KLK721: Improved Simulation of Driver Behavior: Modeling Protected and Permitted Left-Turn Operations at Signalized Intersections

Principal Investigators

Ahmed Abdel-Rahim and Karen Den Braven

Type of Research

20% basic; 80% applied research

Project Objectives

This project addresses several of the NIATT goals as cited in the Strategic Plan:  

      Goal 1, Strategy 1.1 (Improve our nation’s transportation research database)
      Goal 3, Strategies 3.1,3.4 (Enlarge our interdisciplinary teams of faculty and
                                          develop new knowledge using research groups)

This project is a completely new area of endeavor for NIATT.  The vehicle and traffic centers are proposing to jointly examine the feasibility of combining the area of traffic operations with that of vehicle performance.
Background

The Clean Air Act (CAA) requires EPA to regularly update its mobile source emission models. EPA continuously collects data and measures vehicle emissions to make sure the Agency has the best possible understanding of mobile source emissions.  MOVES2010 is the state-of-the-art upgrade to EPA’s modeling tools for estimating emissions from highway vehicles, based on analysis of emission test results. The name “MOVES” is an acronym for “Motor Vehicle Emission Simulator.” MOVES2010 replaces the previous model for estimating on-road mobile source emissions, MOBILE6.2. The new model, MOVES2010, has been designed to do calculations with information in databases, using the open source database management software known as MySQL.

MOVES2010 will become EPA’s approved motor vehicle emission factor model for estimating volatile organic compounds (VOCs), nitrogen oxides (NOx), carbon monoxide (CO), direct particulate matter (PM10 and PM2.5) and other pollutants and precursors from cars, trucks, motorcycles, and buses by state and local agencies outside of California.  EPA intends to include in the notice a two-year grace period for using MOVES2010 for transportation conformity purposes.

A comparison between MOVES 2010 and MOBILE6.2 emission output revealed the following:

  • For volatile organic compounds (VOCs): For all the urban counties modeled, mobile source VOC emissions were lower using MOVES2010 than previously estimated using MOBILE6.2. This difference is most noticeable for Tier 1 and newer vehicles, especially for evaporative emissions.

  • For oxides of nitrogen (NOx): Emissions from both light- and heavy-duty trucks are higher than previously estimated.
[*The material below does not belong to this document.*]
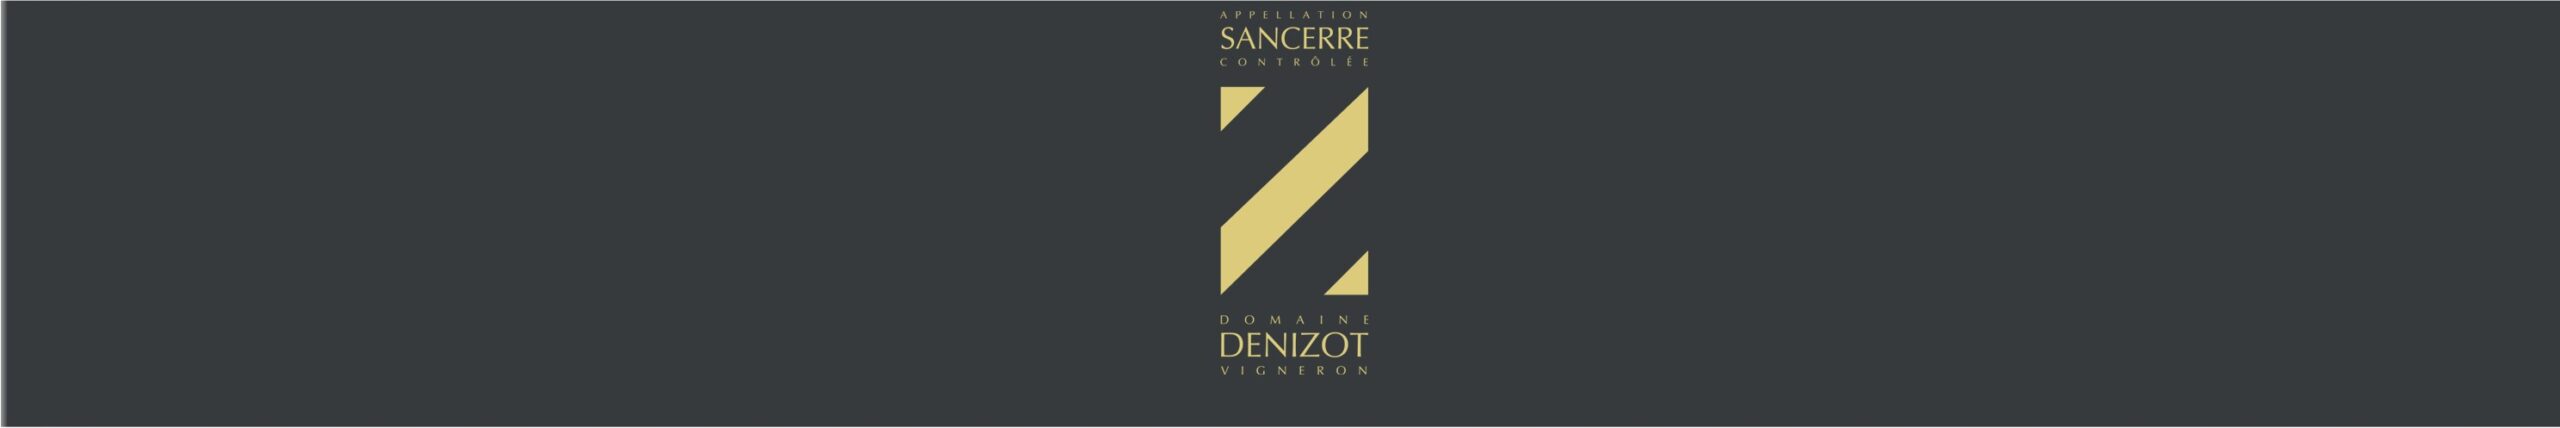 Logo Sancerre Denizot

Using MOVES2010 and assuming no change in extended idle activity as a fraction of total activity, EPA projects that uncontrolled extended idle emissions from heavy-duty vehicles will become a significant share of the on-road mobile source NOx inventory in the future. In some urban areas of the country, in fact, extended idle emissions could comprise approximately one quarter of total heavy-duty NOx emissions by 2020. This increase in the fraction of overall emissions represented by idling emissions is due to the fact that new heavy-duty vehicle standards are driving down regular exhaust emissions, making the idle fraction bigger by comparison.
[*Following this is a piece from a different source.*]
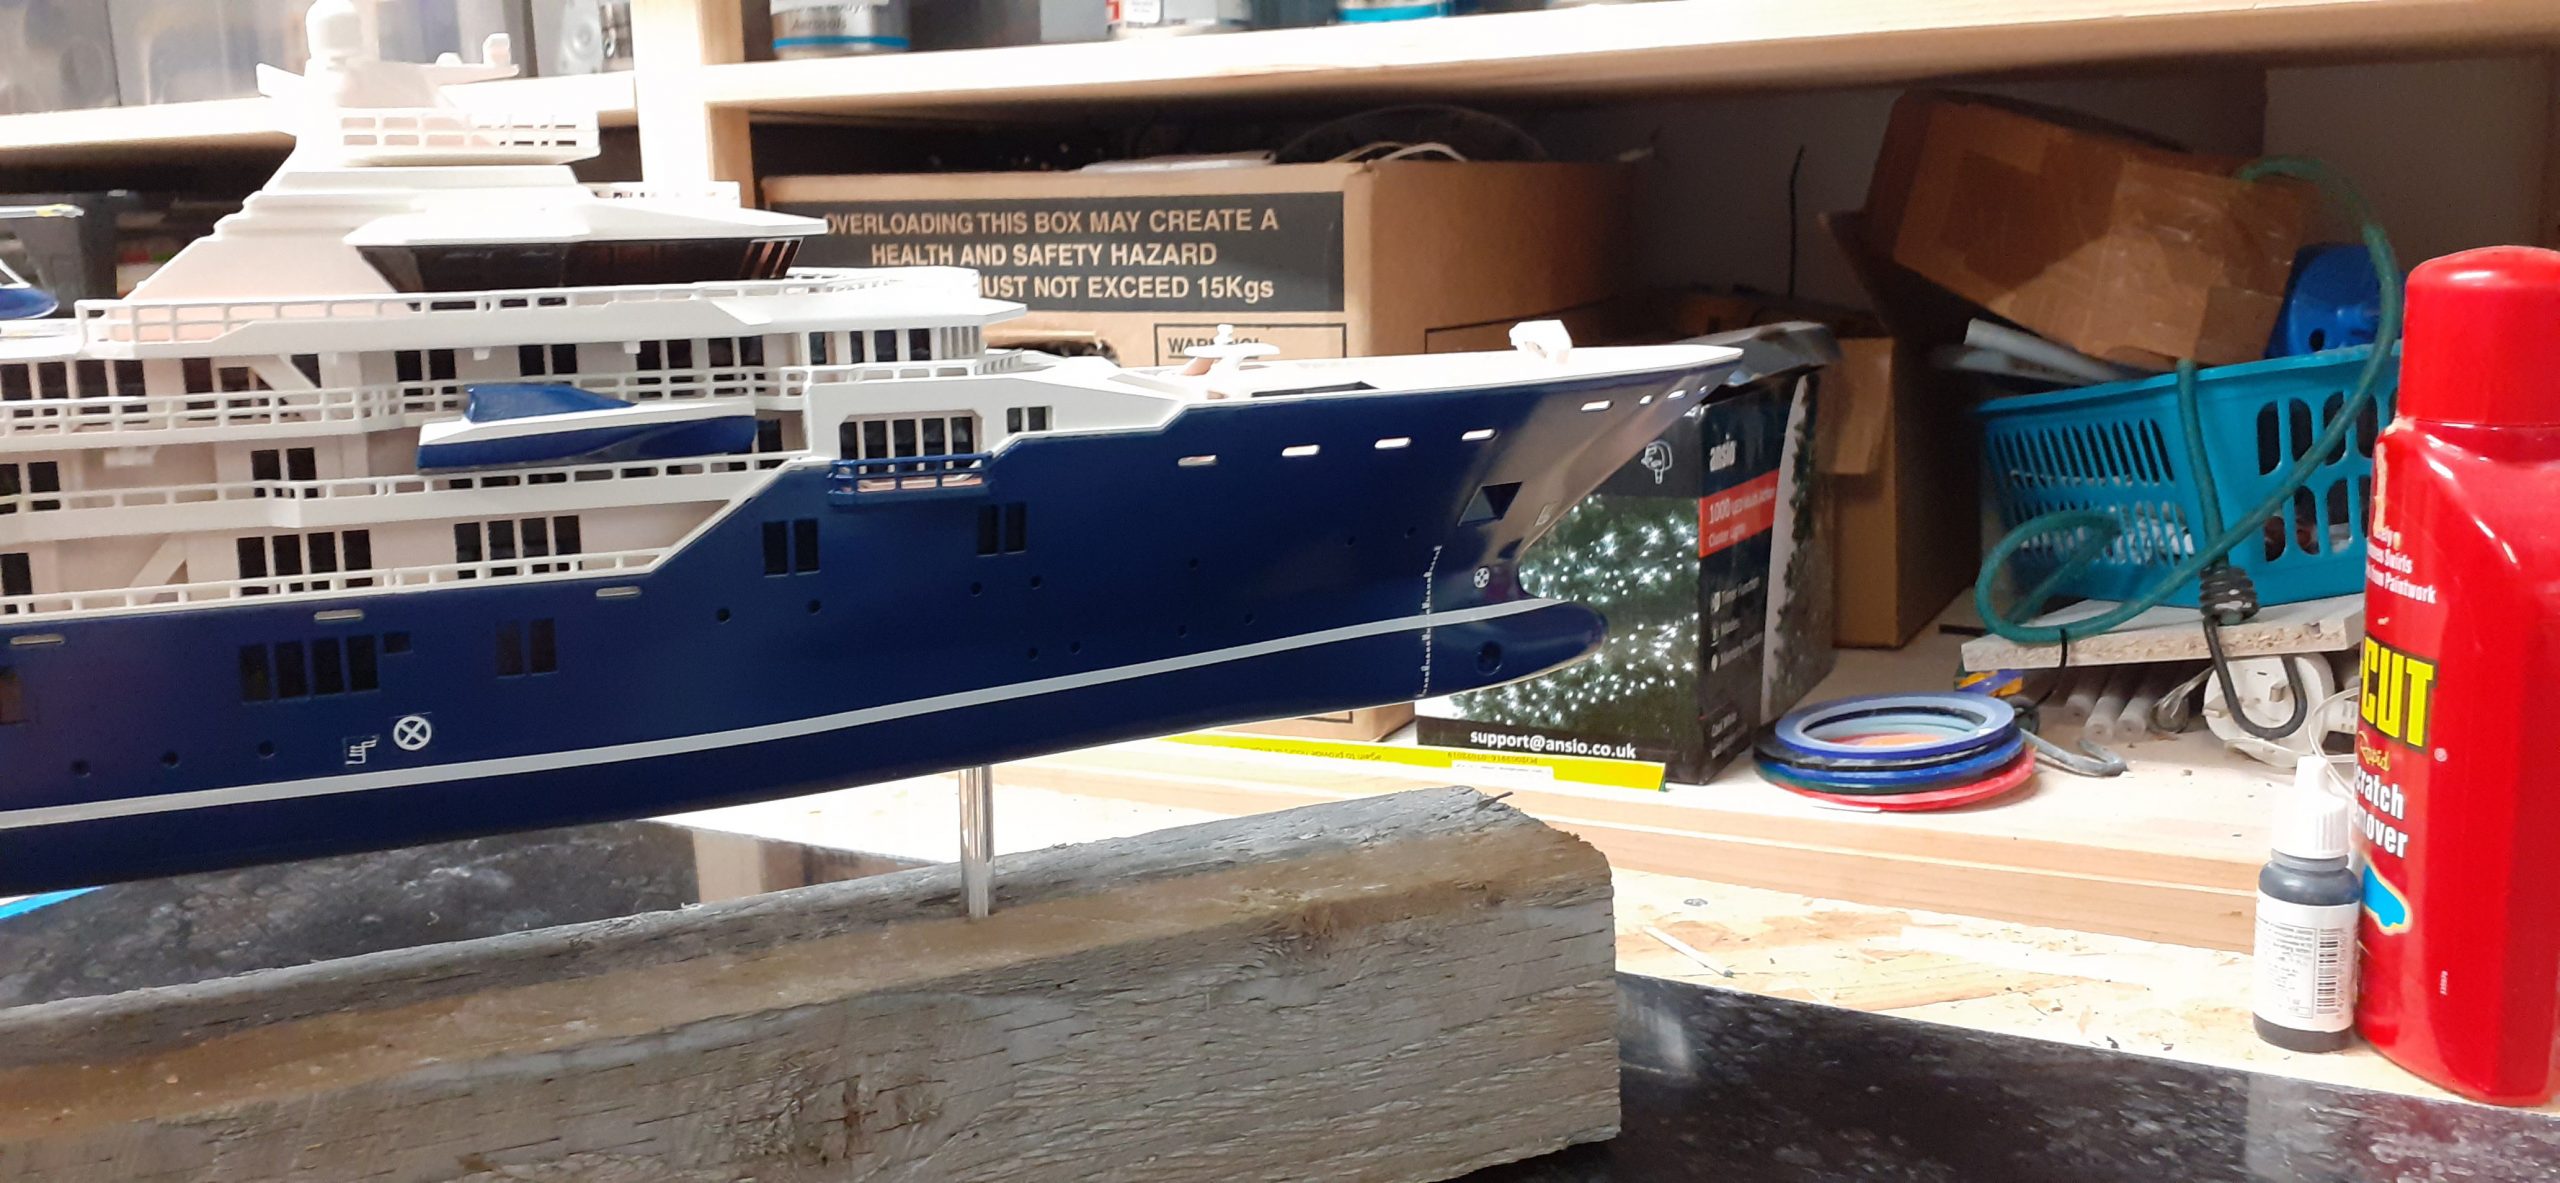 Ulysses Model Yacht

  • For PM2.5: EPA’s estimate of mobile source PM2.5 emissions using MOVES2010 is significantly higher compared to MOBILE6.2 for both light- and heavy-duty vehicles and for all of the urban areas modeled. For passenger cars and light trucks, these increases are based on data developed as part of EPA’s Kansas City study, which showed much higher PM2.5 emissions at low ambient temperatures than previously known. For heavy-duty trucks, MOVES2010 incorporates new data from a large study of trucks conducted by the Coordinating Research Council (known as the CRC E-55 study) which includes deterio­ration effects on in-use emissions. MOVES2010 also models the impact of vehicle speed and load on PM emissions, showing very high rates of PM generation in stop-and-go traffic conditions. This high emission rate consists of the emissions produced while the engine is under increased load while accelerating (i.e., the “go” phase of stop-and-go driving) as well as the emissions produced while the vehicle is stopped and therefore not accumu­lating any mileage, thus resulting in higher overall emissions per total mile driven.
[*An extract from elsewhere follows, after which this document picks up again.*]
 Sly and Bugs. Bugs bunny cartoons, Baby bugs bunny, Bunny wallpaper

Most traffic operations software packages do not use the MOVES or MOBILE5 models. A number of microscopic traffic models predict vehicle emissions from look-up tables on a second-by second basis as a function of vehicle type, speed, and acceleration. CORSIM, a microscopic model, uses unpublished vehicle emission rates from dynamometer testing as the basis of its emissions model. The program determines the total emissions on each link by applying the default emission rates (based on speed and acceleration) to each vehicle for each second the vehicle travels on the given link. Another microscopic model, INTEGRATION, computes the fuel consumption for each vehicle on a second-by-second basis as a function of speed and acceleration. It then estimates vehicle emissions on a second-by-second basis as a function of the fuel consumption, ambient air temperature, and the extent to which a particular vehicle’s catalytic converter has already been warmed up during an earlier portion of the trip.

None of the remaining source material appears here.